A criança, por exemplo, não dominam ou não usam várias estruturas da língua. Dependendo da idade, não pronunciam grupos consonantais (branco / banco). Os jovens, por sua vez, têm uma linguagem marcada pelas gírias, pelas simplificações, com certa marca de rebeldia. A linguagem do adulto tende a se tornar mais conservadora, mais comportada.

Concluímos, portanto, que existe uma forma de usar a língua que é normal para cada faixa etária.

O sujeito aprende a sua língua em convívio com a família, amigos, enfim, pessoas que estão ao seu redor e participam do seu cotidiano. Cada um vai assimilando os usos lingüísticos daquele grupo, ainda que construindo a seu modo esse seu saber. Em geral, o sujeito não tem consciência dessa “norma” que ele vai internalizando no contato com os outros elementos do grupo.

Queira ou não, tenha ou não consciência disso, o sujeito pertence a grupos. Você, por exemplo, é homem ou mulher, é de determinada região, tem certa idade, profissão e, considerando cada uma dessas características, você forma um grupo com outras pessoas. Normalmente, seu comportamento social e lingüístico revela, até sem você querer, a que grupo(s) você pertence.

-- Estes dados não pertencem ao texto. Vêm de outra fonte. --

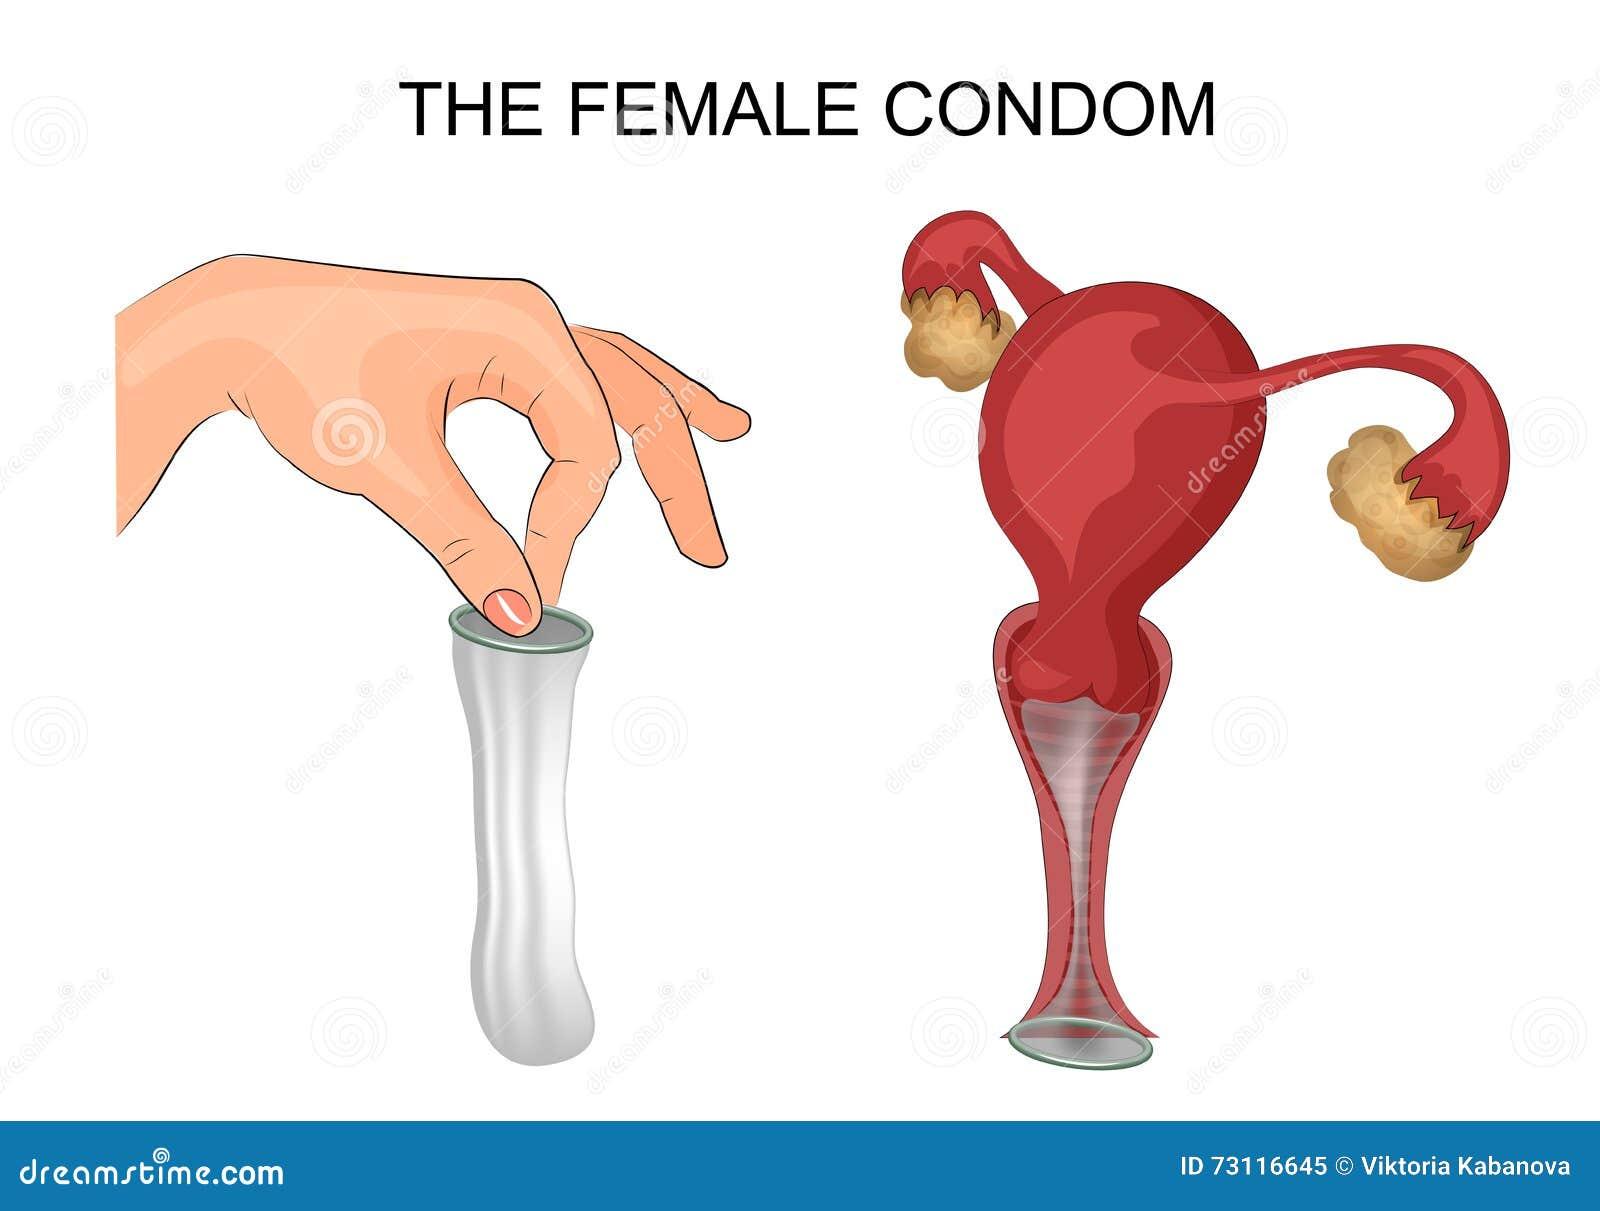 Женский презерватив во влагалище фото фото 366-481

Essa norma de cada grupo constitui o que costumamos chamar de dialeto.

A língua varia também de região para região: no Nordeste existem muitas palavras deconhecidas por brasileiros do Sul. Um fator importante e marcante na consideração dos dialetos regionais é o sotaque – melodia típica da fala de cada região, bem como o timbre aberto ou fechado com que pronunciamos as vogais, bem como a pronúncia de determinadas consoantes. Nesse caso, não é a divisão geográfica ou a divisão administrativa de cada estado que vale: o norte de Minas Gerais, por exemplo, tem um vocabulário e um sotaque muito parecidos com os da Bahia.